On the rare occasion that my goal to work with one of these ensembles did happen, though, it rarely turned out as I'd hoped. A coveted commission would arrive, but with a text I didn't love, and I'd be ashamed of the resulting piece. I'd idolize a competition—a long-awaited chance to work with a particular ensemble—and finally win, only to receive a premiere that was under tempo and under-rehearsed. Even when an ensemble I longed to work with programmed my music in a gorgeous, near-perfect performance, I'd notice that, listening in the audience, I felt the same anxious, chattering thoughts I feel during every performance of my music: Is this piece any good? Do I even like this piece anymore? Does anyone here like this piece?

 

Reality can't possibly meet the unreasonably high expectations I've attached to these lists of “dream collaborators.” No matter how talented a performer is, no collaboration will turn me into a different person: someone who is never full of self-doubt, who feels as if every new piece she writes is perfect. I'll probably never feel that way. I don't think I'd want to feel that way.

 

I do think that considering which collaborations you'd love to pursue in the future can be tremendously valuable, especially when your envisioned collaborators are people with whom you've already established a working relationship. But when your instinct in setting dream goals for your music is to passively make a list of people you'd like to perform your work, it might be more worthwhile to ask yourself why you're drawn to these particular performers. Is there a piece that you think you could only write for one particular ensemble?
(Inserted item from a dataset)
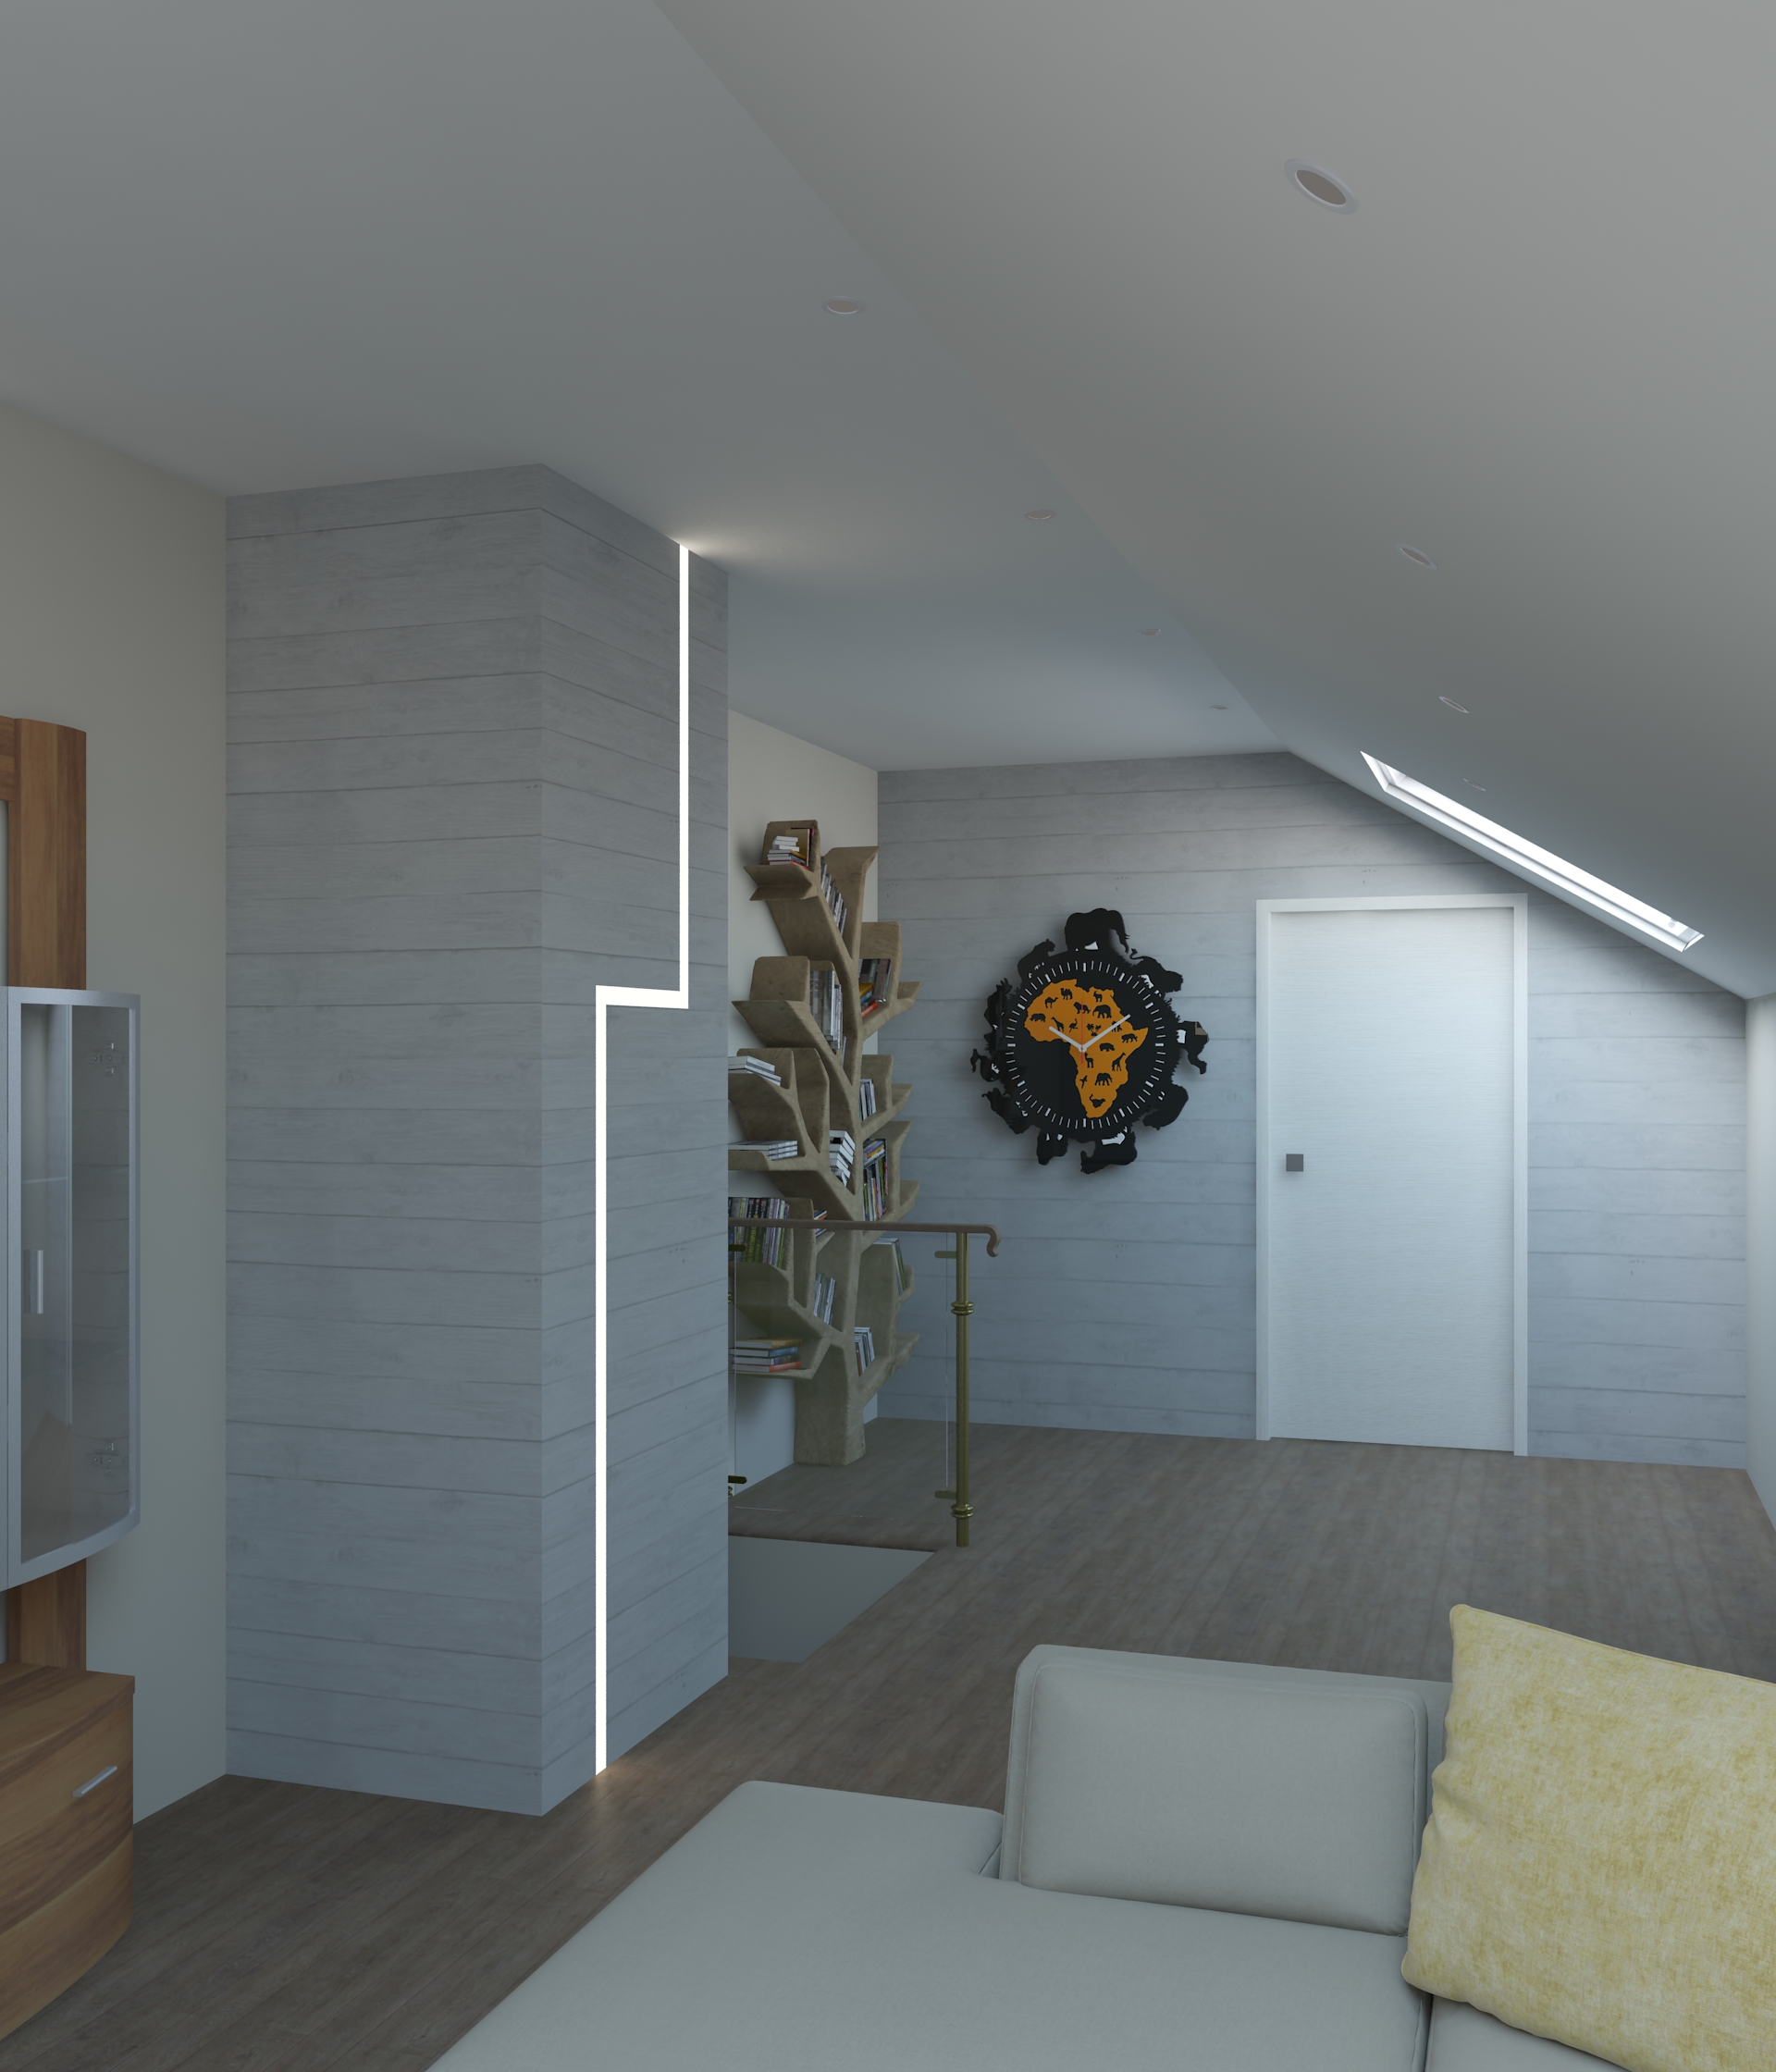 Lounge under the roof in 3d max vray 3.0 image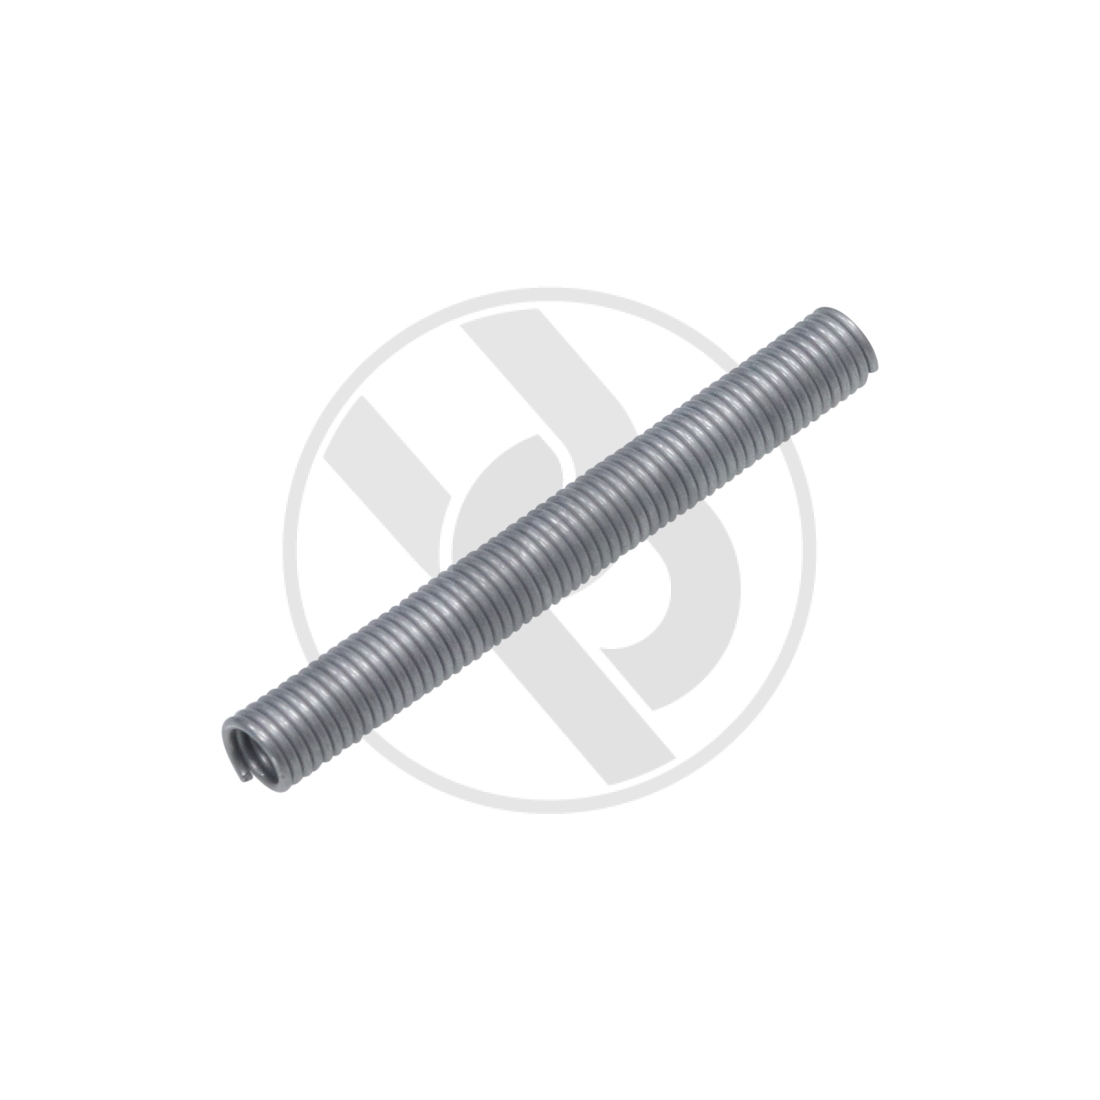 Tension spring 48.5mm for Inno-Tech

Would working with any one of these collaborators contribute something to your career that you truly couldn't achieve any other way, or with anyone else?

 

Now, as each new year approaches and I consider how I'd like my musical future to proceed, I remind myself to set goals for dream projects rather than dream collaborators. I build flexibility into each dream, accepting that I can't know precisely how each project will take shape until it becomes reality.

 

Take How to Go On, the title piece on Choral Arts Initiative's album of my choral music: I knew I wanted to write a secular requiem for close to a decade, long before I'd met CAI's conductor, and before CAI even existed. For years, I also dreamed of making a first album of my choral works, but when I imagined those two distinct goals, I never could have guessed that they'd overlap.

 

If I'd written a secular requiem for a different chorus, maybe it would have been simpler. Maybe there would have been less divisi and fewer movements; maybe it would have set different texts. Maybe my secular requiem would have been written, as I'd initially imagined it, as an concert-length work for chorus and orchestra. With another collaborator, I could have fulfilled the same dream with an entirely different piece.

 

But now, going back through the margins of The Artist's Way yet again, I place a check mark or scribble in “How to Go On” wherever I've mentioned recording an album of my choral works or composing a secular requiem. Those two dream projects have been realized in a uniquely wonderful reality; I can no longer imagine wanting them to exist any other way.

 

Now, I set new goals. I imagine future albums, and while I have a loose concept for what each will hold, the ensembles recording those albums are undefined. When I find the right collaborators, they will inevitably shape these recordings. I imagine writing a piece for chorus and orchestra within the next year or so; the dream and intent are perfectly clear, but here, too, that new piece will depend on which ensemble commissions it. I'll continue to hone my vision for these projects until I find the right collaborators for each particular dream, and then I'll open them up to reality. At least in my universe, that's the way that dream projects come true.